I’ve had the pleasure of moderating a half-dozen panel discussions on Big Data and object storage in the last few months. It’s been a learning experience.
Big Data has always been as big as we could afford, be it block, file or object. Google’s MapReduce, running on massive commodity-based scale-out GFS object storage, inspired the current Big Data craze.
If storage were the only problem we could stop with a discussion of Amplidata, the object storage company that sponsored StorageMojo’s participation (check out the StorageMojo object storage video to get a quick overview). But there’s much more to it than that.
Defining Big Data
Ever notice that the number of disk drives in most infrastructures stays fairly constant? The growth in drive capacity parallels the growth in data, so disk drive populations should be stable.
Thus a definition of Big Data based on the number of drives is simple and flexible over time. Defining the lower bound of Big Data as an application that uses 100 large capacity SATA drives means that with 4TB drives you aren’t doing Big Data unless you have 400TB of raw storage.
Smaller data sets can be vital to business or research; this isn’t a “mine is bigger than yours” competition. But as a rule of thumb you can probably live with filers if you’re certain your application won’t need more than 100 drives ever and, if you will, you should consider object storage.
There is no doubt that advanced erasure codes – variously referred to as rateless or fountain codes – are technically and financially superior to the older and much more common Reed-Solomon erasure codes for Big Data.

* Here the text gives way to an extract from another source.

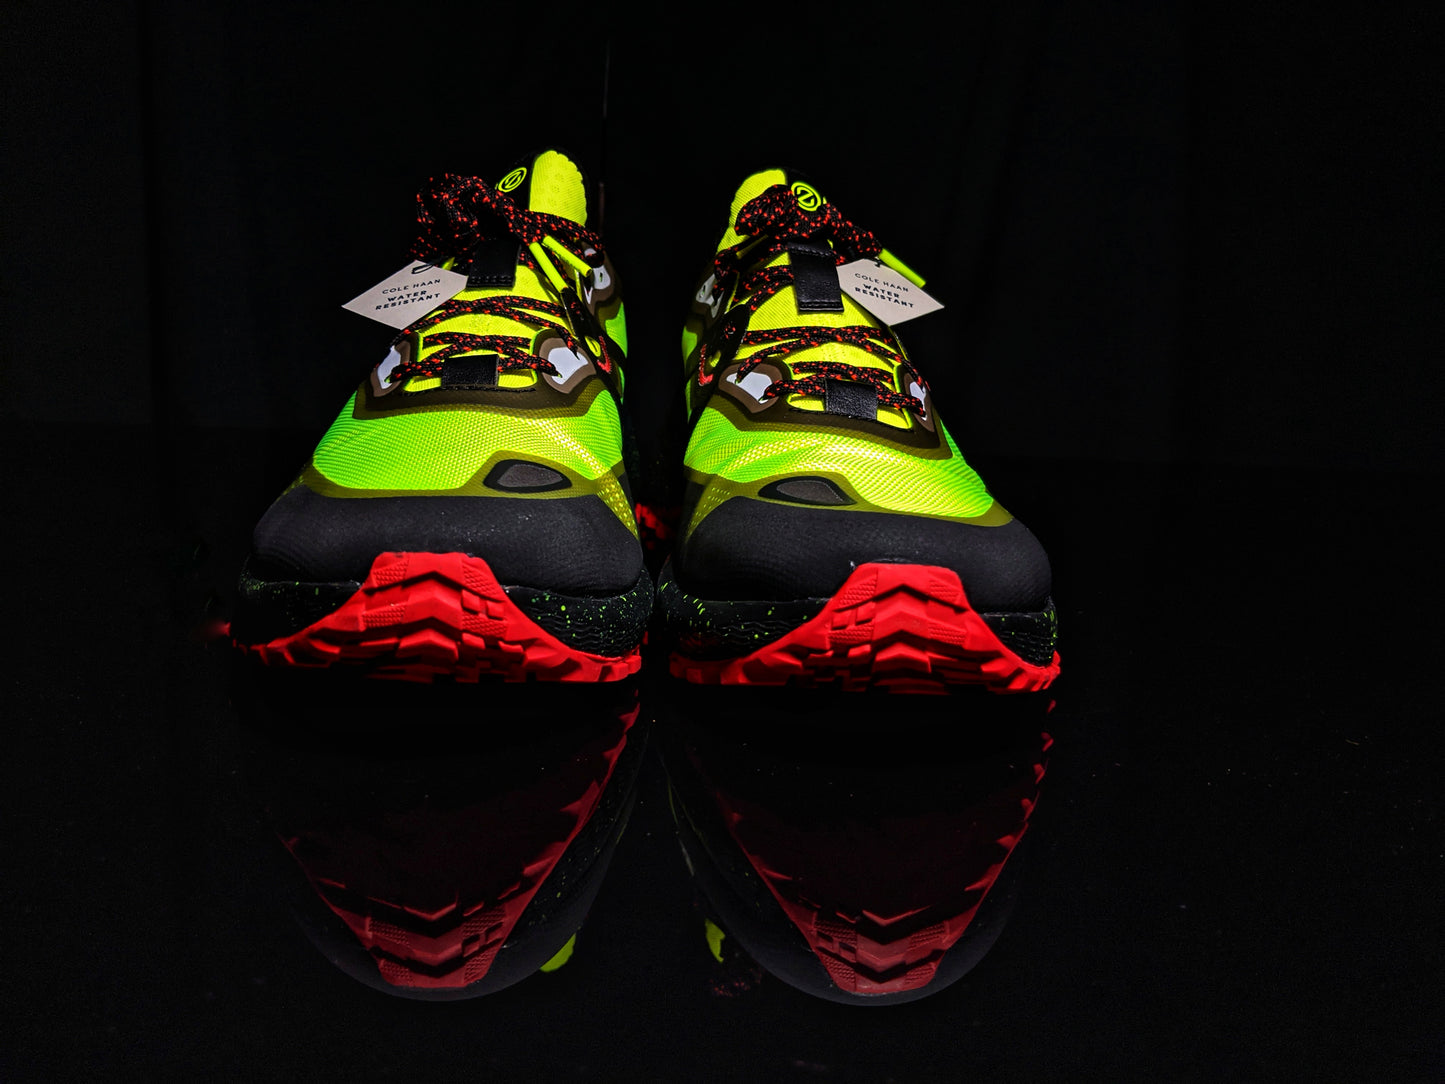 Cole Haan Zerogrand Yellow / Black running shoes Size 13 M

They are lower overhead, offer higher redundancy and better security than RS codes. Want to survive 4 failures with ≈50% overhead? Rateless codes are the answer.
Moving Big Data
Shipping boxes of big SATA drives overnight is still the high bandwidth solution – assuming the drives survive – but the physical hassle is prohibitive for most operations. Assuming you need to move gigabytes regularly, you need 2 things: a fast transport; and a storage system that can manage sustained write performance – which not all can.

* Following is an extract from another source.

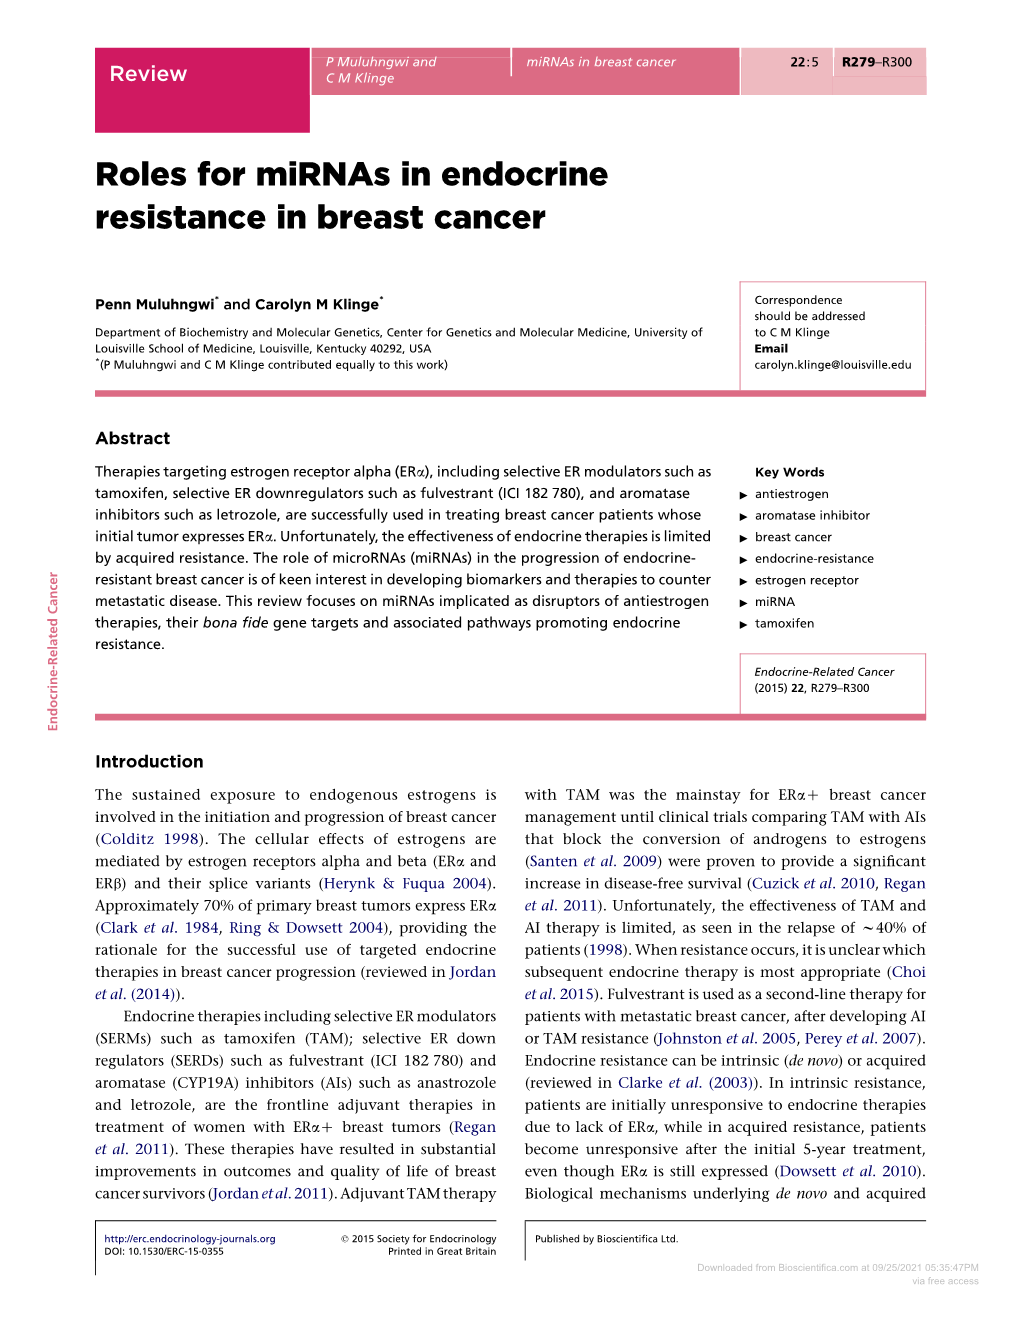 Roles for Mirnas in Endocrine Resistance in Breast Cancer

The friendly folks at Aspera software have figured out how to achieve line speed data rates across long distances, a trick TCP has never learned. They can feed the data directly to an object storage system.
Object storage isn’t a drop-in replacement for NAS: the common REST interface is much simpler than NFS 4.1 or SMB 3.0. Many new apps are now written to use REST, but what about legacy apps that expect NAS?
At least one vendor,Panzura offers a NAS front end to object storage. Their Global Cloud Storage System serves up NAS protocols while using object storage on the back end.
But they only support a few back-end options, so you better like their choices. There are options beside Panzura though.
The business problem
The technology is there, but as I asked at one of the panels “if this stuff is so freakin’ great, why isn’t everyone using it?” It isn’t only enterprise IT inertia.
There’s another problem: business units and enterprises aren’t used to seeing storage as horizontal infrastructure, where scale-out storage wins. Even major adopters of object storage typically use a single app to justify an investment.
Networks are a horizontal infrastructure. We buy them anyway. It is a solvable problem that I’ll be writing more about more later.
The StorageMojo take
A few years ago there was debate about public vs private clouds. I continue to think there are business cases to be made for both.
But they aren’t the same cases.
As the commoditization of scale-out architectures grows and the cost of public cloud storage becomes an issue, the advantage that public providers offer today will decline. AWS is driving app development to the S3 API, and those apps will migrate easily to private clouds.
The growth of private clouds won’t crater AWS. Yet AWS will enable private clouds.
Courteous comments welcome, of course. How do you define Big Data?